I finally discovered why my method for converting orientations from RH to LH seemed wrong. Turns out it was! My method (found through trial-and-error since what should have been the correct method wasn't working) was to invert the z-axis orientations when positions along the z-axis are inverted for coordinate conversion between RH and LH. If you draw this out, it doesn't make much sense; the z-axis orientations are correct between RH and LH (when the z-axis is inverted to do the conversion), but the x and y axis orienations are in reverse. In other words, the one orientation which should have been constant between the two coordinate systems was the only one which needed to be changed. Well, while poking around in the math code I noticed something rather odd: the rotation matrix creation function negates the angle before it is used to create the matrix. So all x and y axis orientations were being inverted automagically, and the only way to prevent this from happening to z-axis orientations is to invert them before they are sent to the creation function. I suspect this was a left-over from when I was creating the camera code, since the angles needed to be negated.

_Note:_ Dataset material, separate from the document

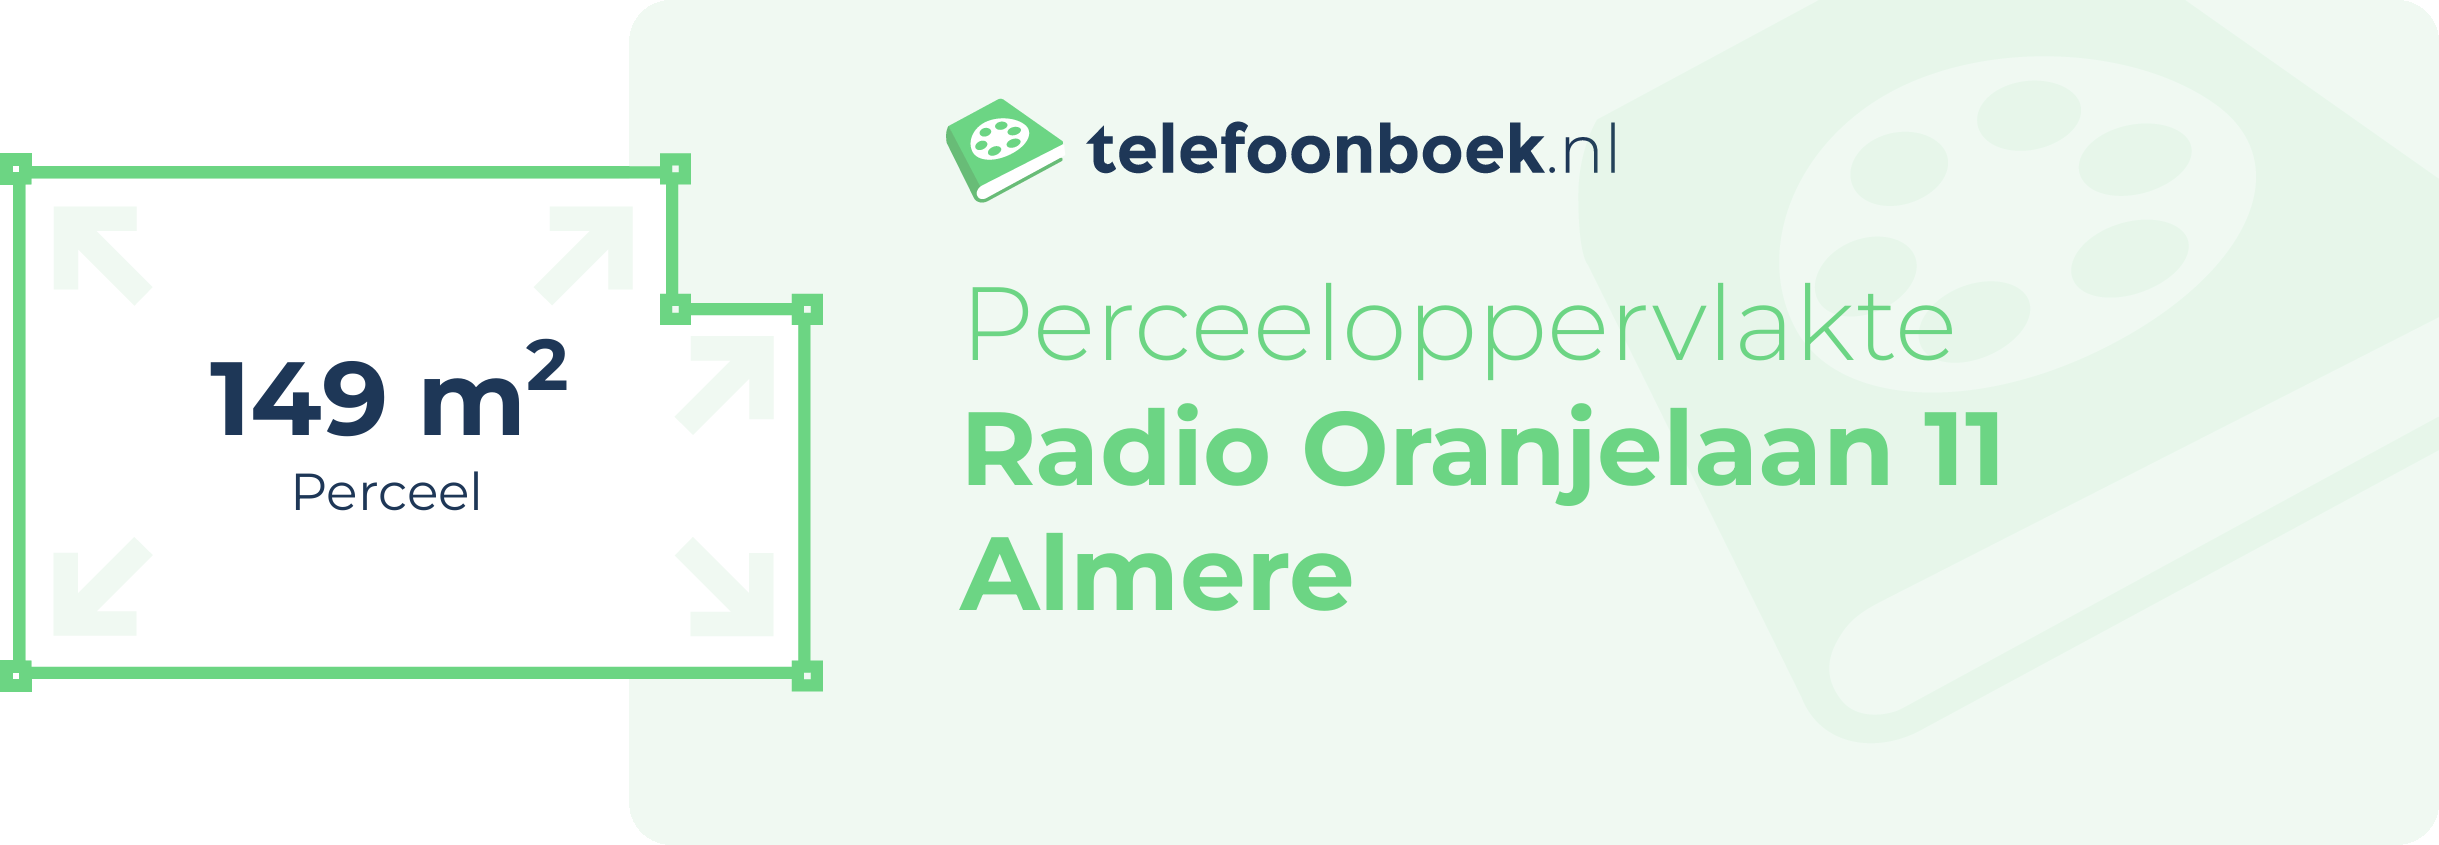 Perceeloppervlakte Radio Oranjelaan 11 Almere

Today I managed to make it so that when you click on the screen, the game can detect where you clicked in the world. This involved a ray intersection test with the world geometry, something I had never done before. In order to define the ray, you need a point in world space and a normal vector pointing in the direction of the ray. The easiest of these to calculate is the point, which should be right on the "lens" of the camera where your mouse cursor was when you clicked. To get the point in 3D world space, you need to transform the screen-space coordinates of the cursor into clip space, which means reversing the viewport mapping and homogeneous divide. This step can be a bit tricky, since you need to work in the world-space z-coordinate. Once safely in clip space, you can transform into world space using the inverse of your view and projection matrices. Calculating the normal was a bit more tricky. My original idea was to transform the vector (0, 0, 1) from screen space into world space, but that doesn't work because it needs to be attached to a point other than the origin in order to be affected by the pyramid shape of the view frustum, which leads us naturally to the solution I ended up using; transform a second point from screen to world space, one which is at ray_point+(0, 0, 1) Once in world space, you can get the ray normal by normalizing the vector from the ray point to the second point.